Cities face budget crises, and the nation faces an obesity epidemic. So it's hardly surprising when government officials want to fight obesity by raising taxes, especially by taxing sugar-sweetened beverages -- a so-called "soda tax." Many public health advocates have thrown their support to what seems to be a political two-fer: more city revenues and less obesity.
If only science wouldn't get in the way. But it does. We got a whiff of this when a bunch of New York City government emails were released through the state's Freedom of Information Law a few weeks ago. The city's Health Commissioner wanted to post a video on YouTube saying that drinking one sugar-sweetened beverage a day -- shown in the video as a sort of fat sludge rather than an ordinary drink -- would cause a teenager to gain 10 or 15 pounds in a year. This would be a nice statistic in support of a soda tax. But even the health department's own nutrition experts and their outside academic consultant balked. They pointed out that the calories in one soda per day could easily fail to generate anything like this weight gain, because overall diet and exercise are hugely important and some lucky souls (good genes!) can ingest extra calories with impunity, anyway.
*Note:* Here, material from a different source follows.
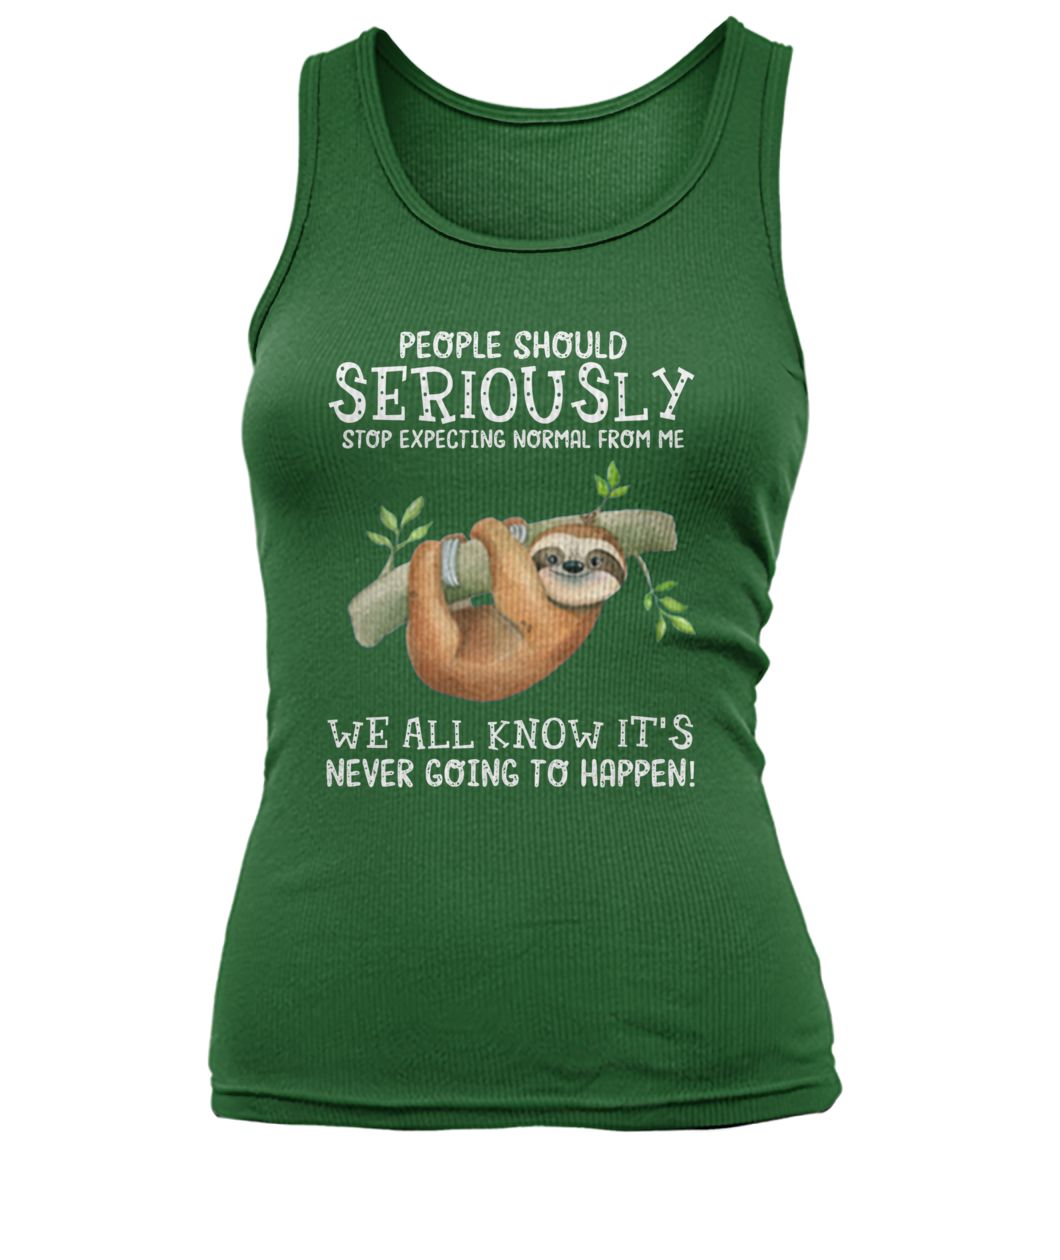 People should seriously stop expecting normal from me sloth women's tank top

There is no getting around the basic truth that what counts for obesity are total calories along with energy expenditure through exercise. It turns out that there is practically no reliable scientific support for using soda taxes to fight obesity. That's clear from the research literature. It is easy to cite simultaneous upward trends in body weight and soda consumption, but the connection between the two is far from established. Instead of being a cause, extra soda consumption may be a result of ingesting more calories for reasons that have nothing to do with any particular beverage. Moreover, if a penny per ounce tax pushes soda consumption down, there's no guarantee that calories go down. That's partly because people tend to compensate, maybe by drinking an extra high-calorie fruit drink or two. This compensation phenomenon has cropped up over and over again when scholars track prices, taxes and consumption patterns through time. Even if a tax did cut out a 12-ounce sugar-sweetened beverage every day, the impact on total calories could be trivial.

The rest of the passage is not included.